Turnbull's agile struggle is all glitz and no grunt

Malcolm Turnbull planned to launch Australia into a continuous innovation boom. Instead, a string of IT disasters have shown, yet again, that you can't skip the fundamentals.
Written by Stilgherrian , Contributor

"Welcome to the ideas boom. There's never been a more exciting time to be Australian. Agile. Nimble. Innovation." Remember those words from a little over a year ago, when Prime Minister Malcolm Turnbull launched Australia's National Innovation and Science Agenda?

Are we still excited? Actually, were we even excited to begin with?

When the agenda was launched in December 2015, I thought it wasn't so much a grand vision as a grab-bag of random ideas. Apart from some business law reform, the rest of the agenda seemed to be a collection of small-ticket items, camouflaged by some impressive-sounding but largely pre-existing ideas, or some obvious no-brainers.

A year later, it seems like the government has steadily worked through the plan. Slowly. The innovation minister's press release from last week is titled National Innovation and Science Agenda is having a significant impact one year on.
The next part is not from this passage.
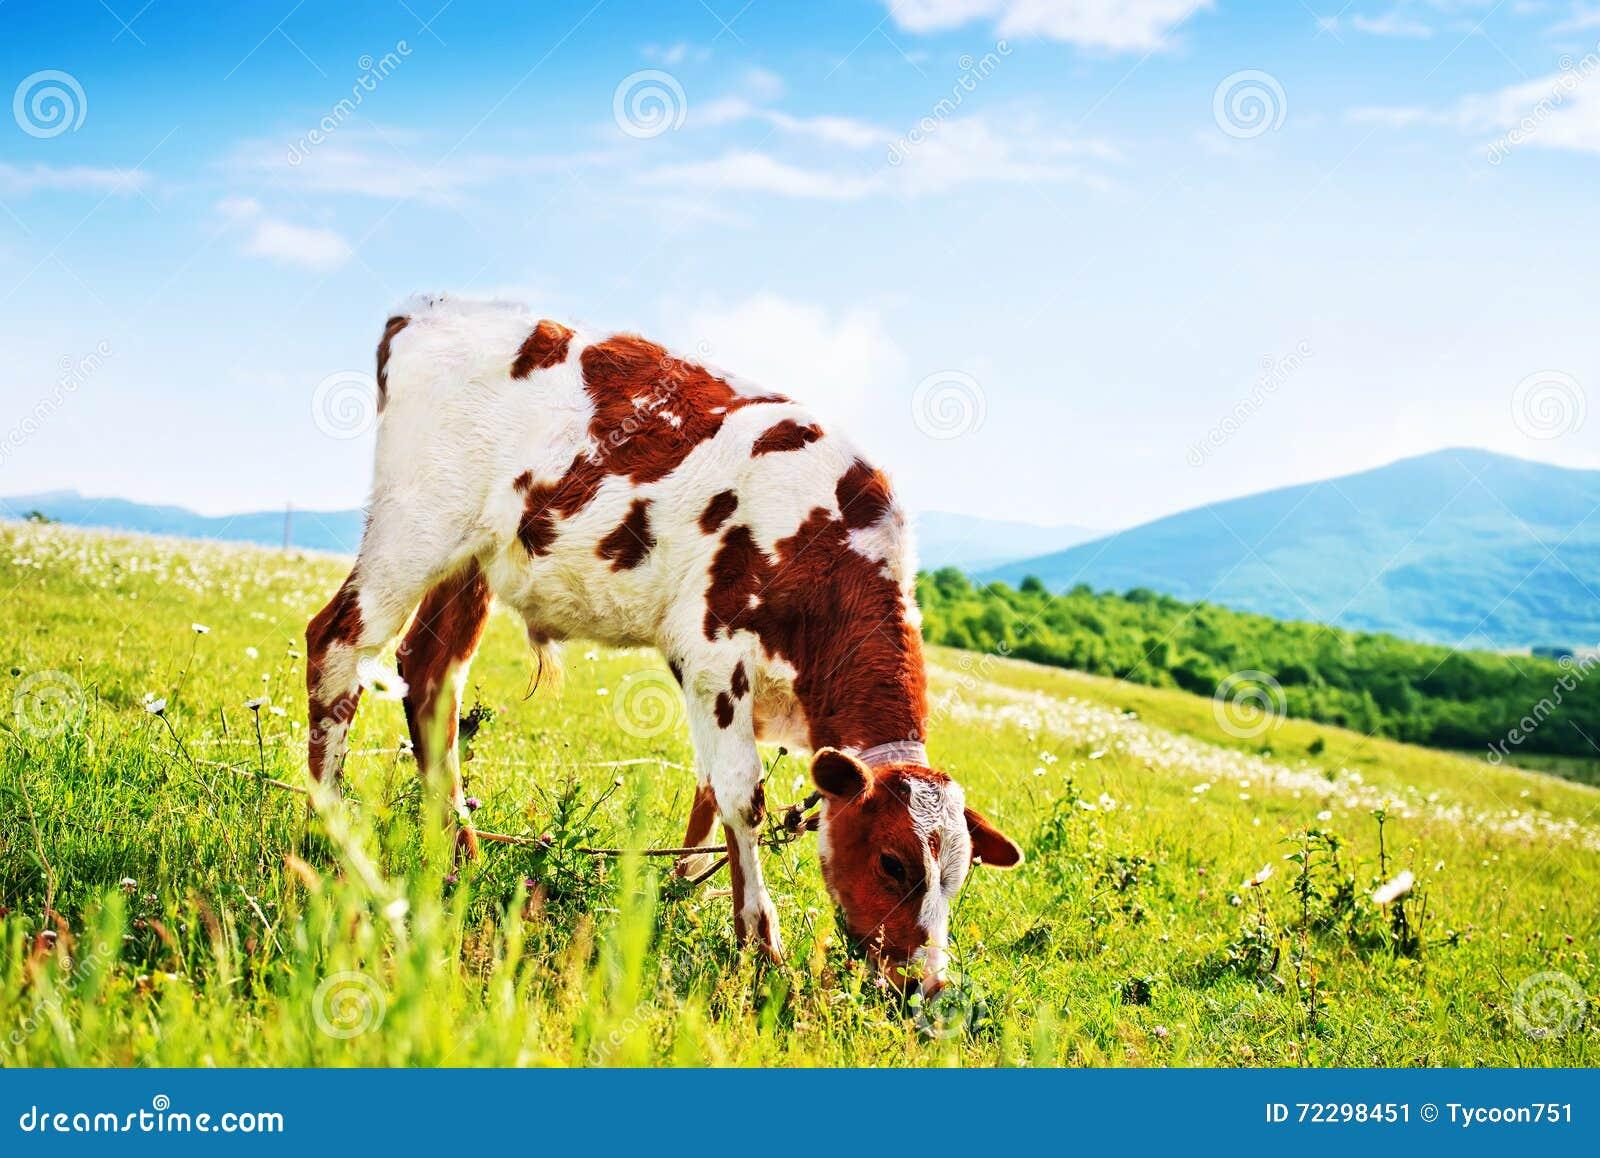 Download Природа стоковое изображение. изображение насчитывающей громоздкого - 72298451

But so far it all seems to be about process, about bureaucracy, not any actual impact or achievement that can be measured.
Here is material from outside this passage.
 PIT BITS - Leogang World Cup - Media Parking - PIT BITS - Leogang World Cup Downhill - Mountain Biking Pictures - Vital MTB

The AU$200 million innovation fund, for example. Should it really have taken a year to appoint a chief executive officer? That doesn't seem very agile.

It's also taken a year to dish out AU$3.9 million for Women in STEM, and a year to appoint managers of the Biomedical Translation Fund.

At least the tax incentives have been squeezed through the government's constipated legislative pipeline, but to say they've had "impact" is somewhat premature.

Take a look at the list of media releases on the agenda's website. All these announcements clustered in December? One gets the distinct impression that there was a rush to get some announceables out for the first anniversary, and before the Christmas break.

There's nothing nimble here, just the same-old same-old plodding pace of bureaucracy.

The one flickering light in all this is the cybersecurity strategy, launched in April. The pace since then has also been ... steady, shall we say, but there are signs that things will speed up in the new year.

The international connections being made at September's SINET61 cyber innovation conference illustrated some of the potential for developing Australia's cybersecurity industry.

Appointing former Atlassian security chief Craig Davies to head up the new Cyber Security Growth Centre is being seen as a good move, as is the appointment of the Australian Strategic Policy Institute (ASPI) analyst Tobias Feakin as cyber ambassador. But these are recent appointments, so we won't see any results for a while.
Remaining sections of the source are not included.